Бестужев хмыкнул, отвел взгляд от молодого семейства и взялся за чемоданы. Оставалось пройти совсем немного. Коляска Славика бодро катила того вперед, лишенный груза чемоданов, он резко, почти зло работал руками. На спуске с пригорка Елизаров так набрал скорость, что Саше пришлось бежать, беззлобно нарекая друга идиотом.
— В детстве в гонки не доиграл? Я тебя по запчастям собирать не буду, угомонись.
Тот лишь счастливо щерился, осматривая приближающуюся улицу и дома.

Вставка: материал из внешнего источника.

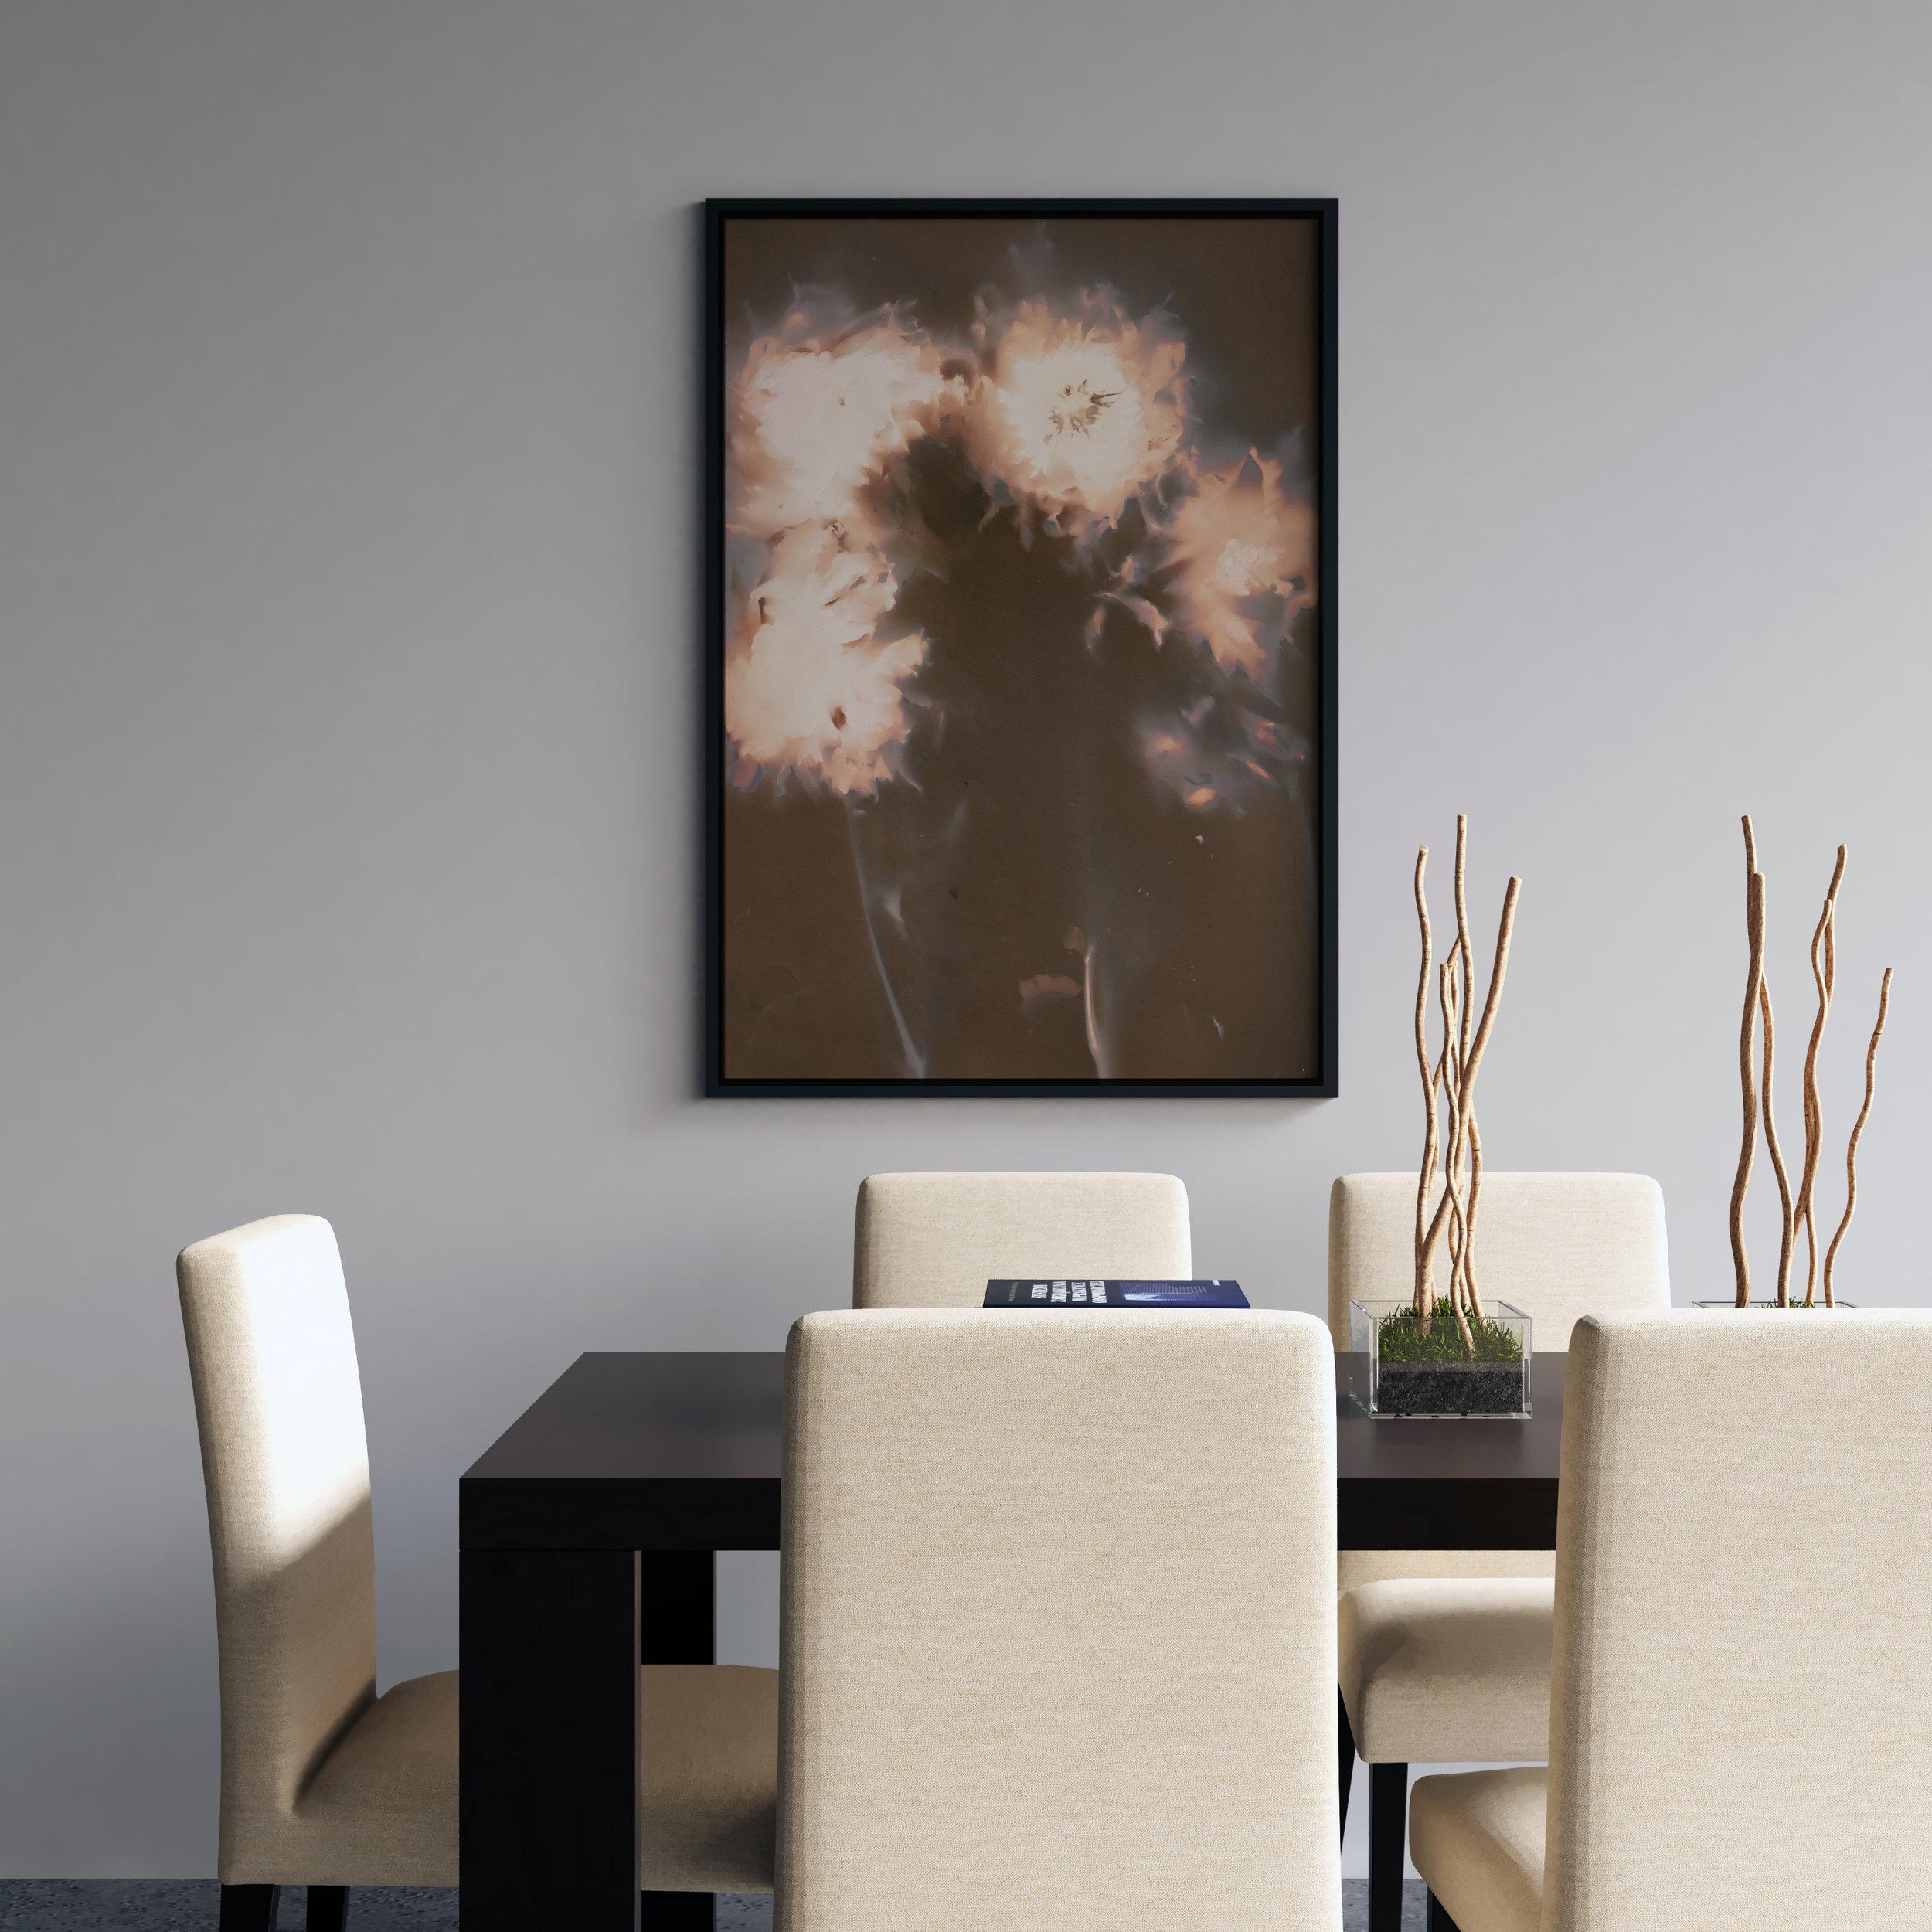 'Explosion' botanical lumen print by Krista McCurdy
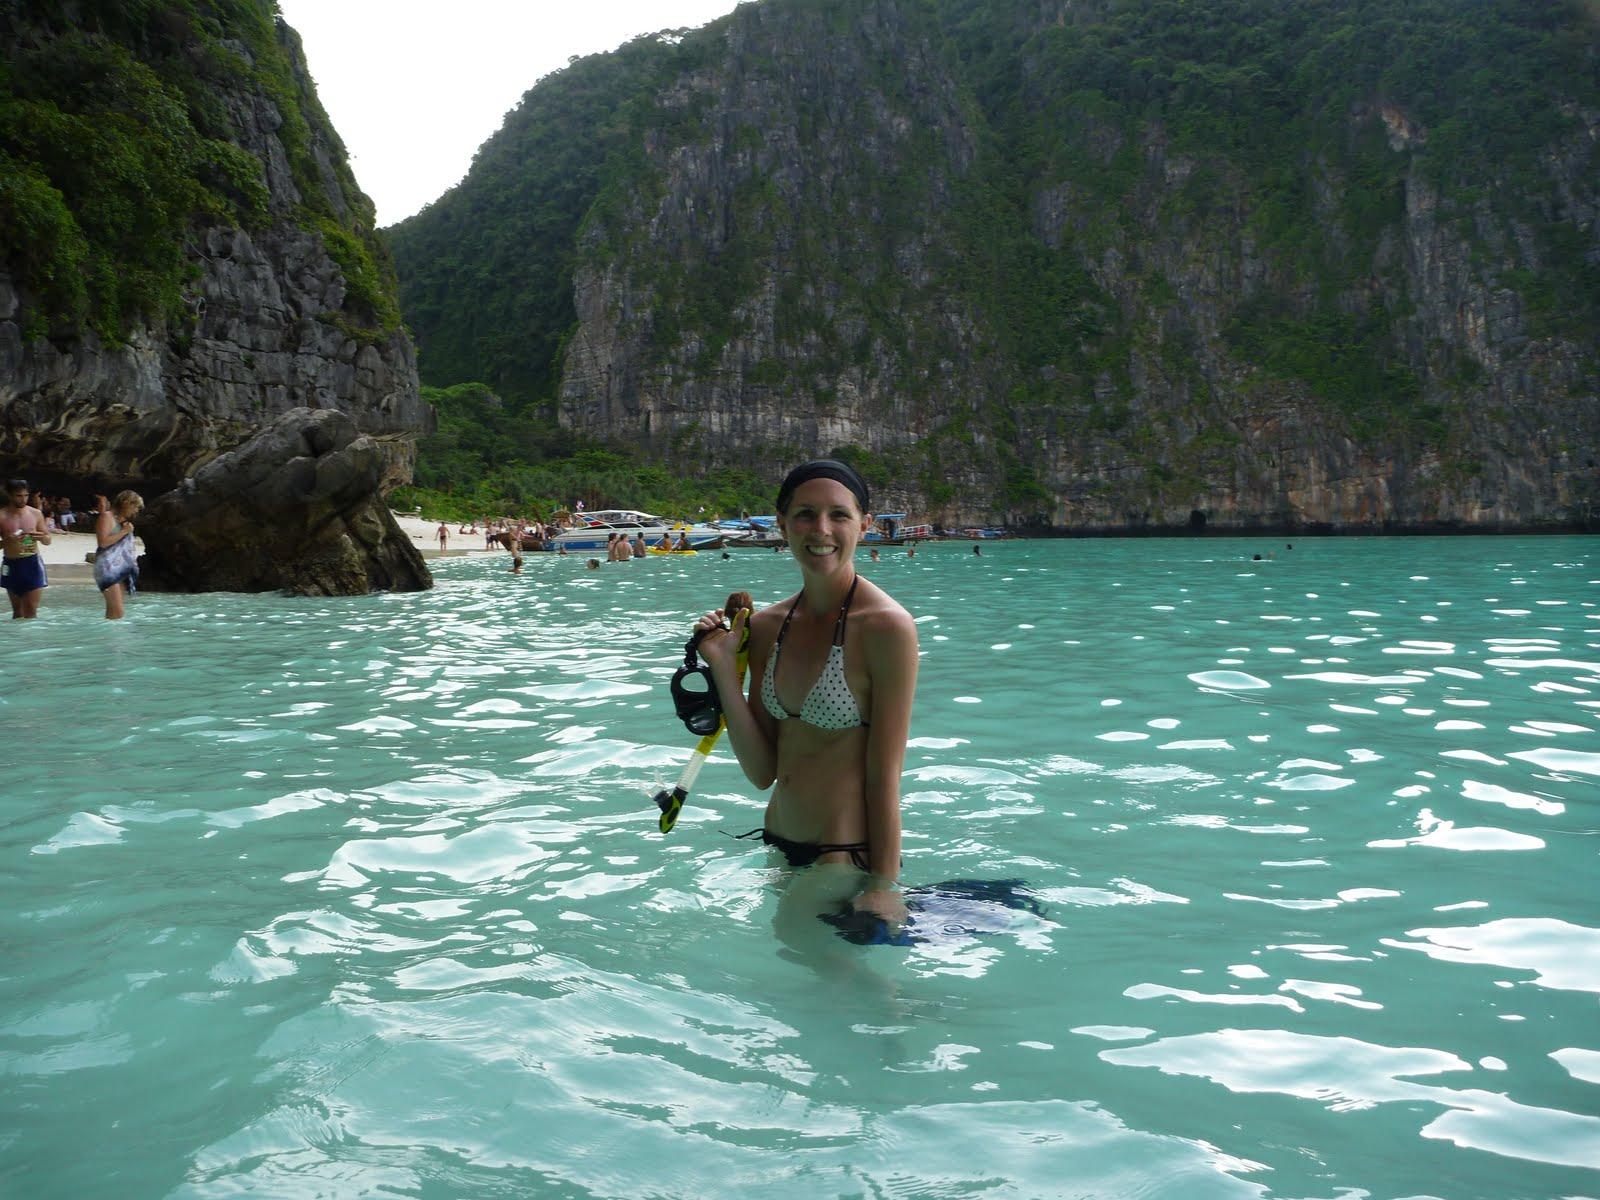 Thailand Trip!: Snorkeling and Scuba Diving in Koh Phi Phi

— Запчастей немного осталось, справишься быстро. Мы сразу в дом Весняны?
— Нет, мы будем жить в другом месте. — Бестужева невольно передернуло, в прошлые годы он возвращался к той избе. Прожигал пропитанный засохшей кровью порог ненавидящим взглядом. А войти внутрь не набрался сил. Там, на печи, осталась Катина камера, в бане валялась смятая пижама с вывернутой наизнанку розовой майкой. Мать Смоль отказалась ехать сюда, горе сожрало годы её жизни, казалось, за месяц она постарела на десять лет. Кроме седых волос и сетки морщин у глаз ничто не выдавало боли. Кто-то называл её сильной, а кто-то посчитал плохой матерью, не тоскующей по погибшему ребенку как следует. Сам Бестужев так и не нашел в себе сил пойти на её похороны, закрытый пустой гроб вызывал приливы душащего отвращения. Хотелось кричать о том, что Смоль жива. Он чувствует, она тянет его за собой на дно. Хотелось вопить. Но его бы никто не услышал, ему не верили.
На третий его приезд кровь с порога пропала, покосившаяся дверь встала ровнее, отсыревшая и отошедшая от окна ставня поправилась чьей-то заботливой рукой. Он подумал, что приехали родственники погибшей женщины. Но деревенские говорили иное.
Отвечая на невысказанный вопрос друга, он кивнул в сторону поворота на вторую широкую улочку. Их встречали горящие любопытством глаза за ставнями распахнутых окон и лай дворовых собак, прячущихся от полуденной жары в будках.
— Я жил в доме молодых ребят, они перебрались в Жабки, родители Феди пожалели меня и впустили пожить. Хорошие люди, добрые, другие кляли меня и едва не пихали в спину, разворачивая к дороге. Боятся они нас, Слава, куда больше, чем всю свою нечисть вместе взятую. Боятся, что мы снова что-то сотворим, а расплачиваться будет деревня.
— Уроды. — Мрачно цокнув языком, Елизаров сплюнул в сторону чужого двора. В открытом окне избы возмущенно охнуло, качнувшаяся занавеска скрыла обитателей от их взглядов. — Нужно было молча в тот дом возвращаться, ещё унижаться, просить кого-то. Или там уже живут?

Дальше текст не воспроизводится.